Another thing that can prevent social interaction is trust. I think this affects many people who feel excluded in some way, not just people on the autistic spectrum. When you've been called a weirdo, or slow, or stupid, or anti-social or physically attacked because you don't fit in growing up, you lose your trust of people, you feel hated by everyone until someone manages to break through to you by showing you respect and kindness, taking their time to listen without judgment to what you have to say. I'm at my most sociable, talkative and open when I meet someone like that because they make me feel comfortable, and I was lucky enough to meet someone who I was with for 19 years who made me feel like that, she turned me from an angry, frustrated mess into a very placid and easy going man and I know if I hadn't met her, I wouldn't be here today.
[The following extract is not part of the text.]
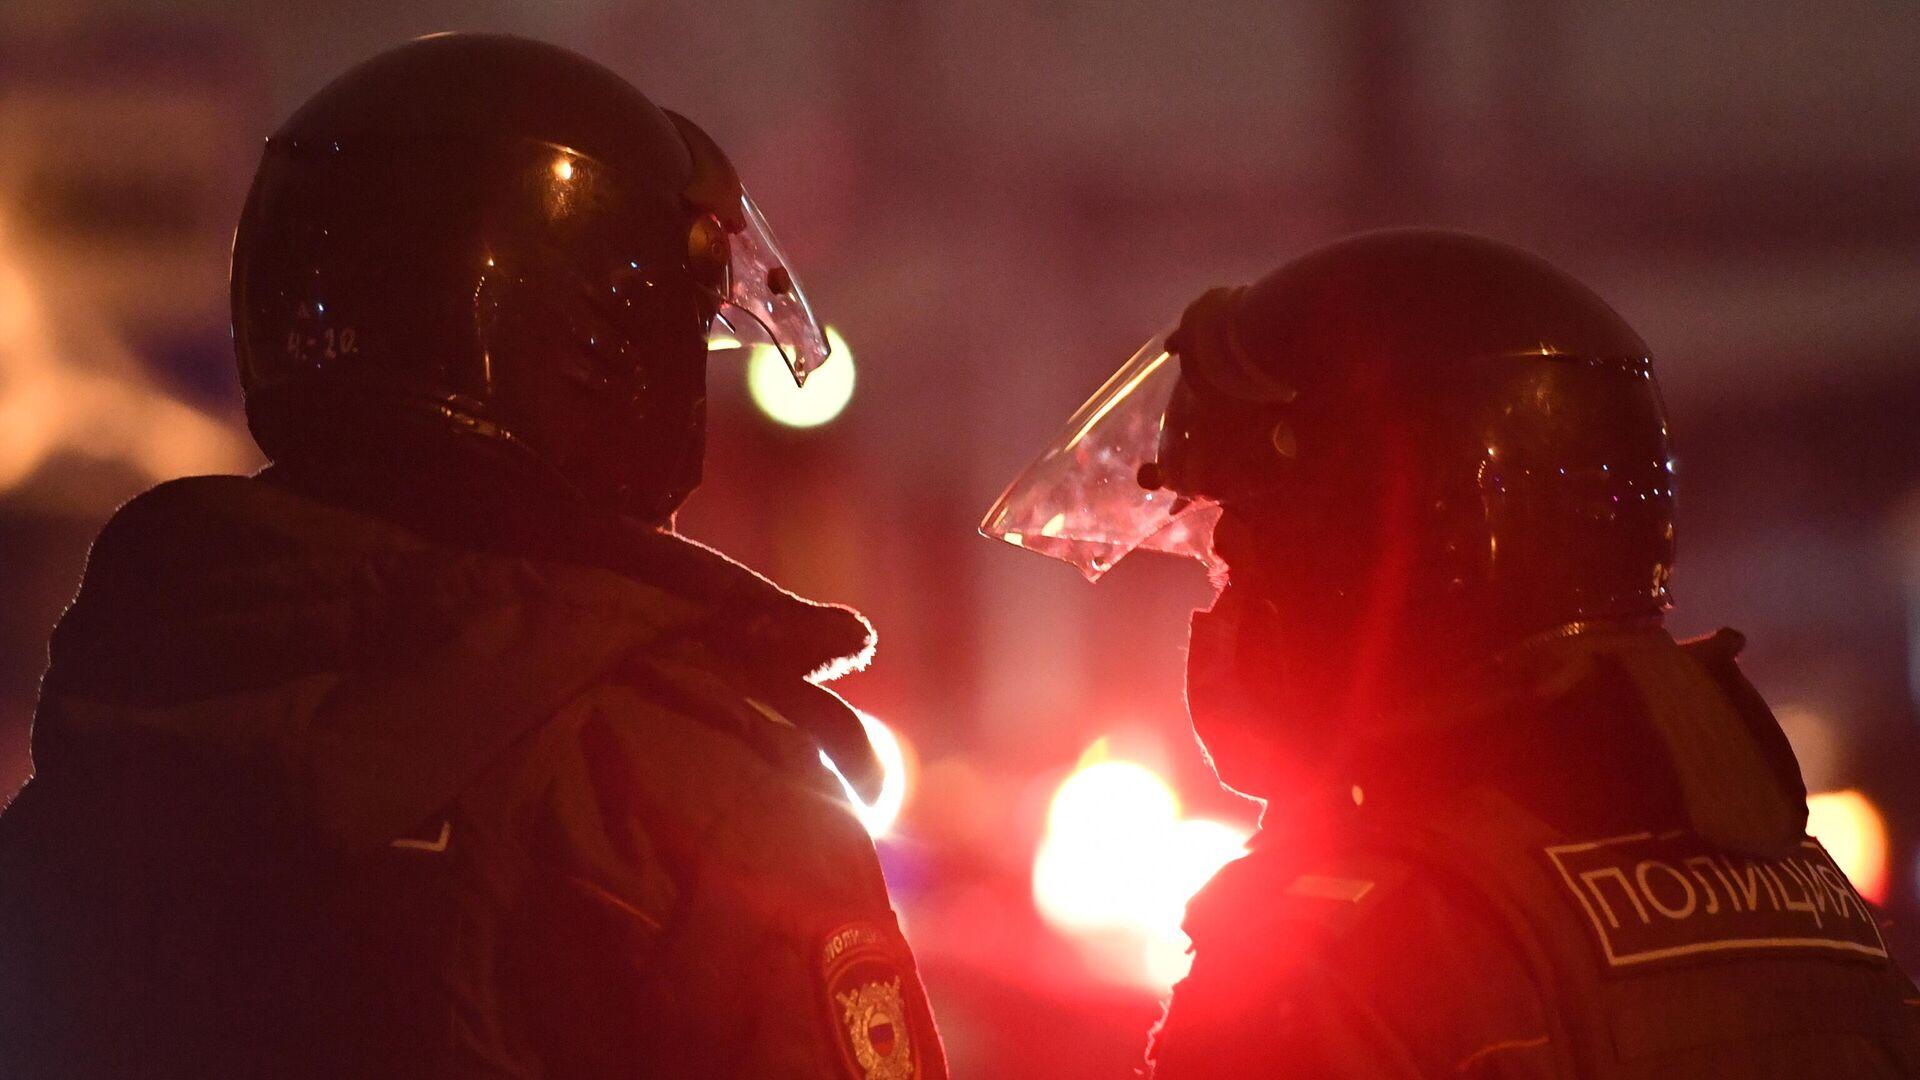 В Красноярске задержали бросившего снегом в полицию на незаконной акции

Just because we're not great talkers, seem awkward, maybe seem a bit shifty because we can't keep up with what you're saying or finding it difficult to look at you as you're talking, or we may have expressionless faces, doesn't mean we don't have all the same things going on in our heads that you have going on in yours, we do have emotions, feelings, want to have friends, want to be respected and loved and enjoy our life. All those things are just more difficult for us to obtain as we're hindered in a way.
I think I'll finish there. There are a lot more difficulties associated with Aspergers/Autism like poor balance, co-ordination, concentration, focus; also the obsessive side, need for routine and stims but I can maybe write about them in another blog if anyone is interested, this one is getting a bit long winded but hopefully it explains a bit about how Aspergers affects someone and how it interferes with social interaction. Hopefully. 🙏 (Please forgive me if any of it seems clumsy and difficult to understand).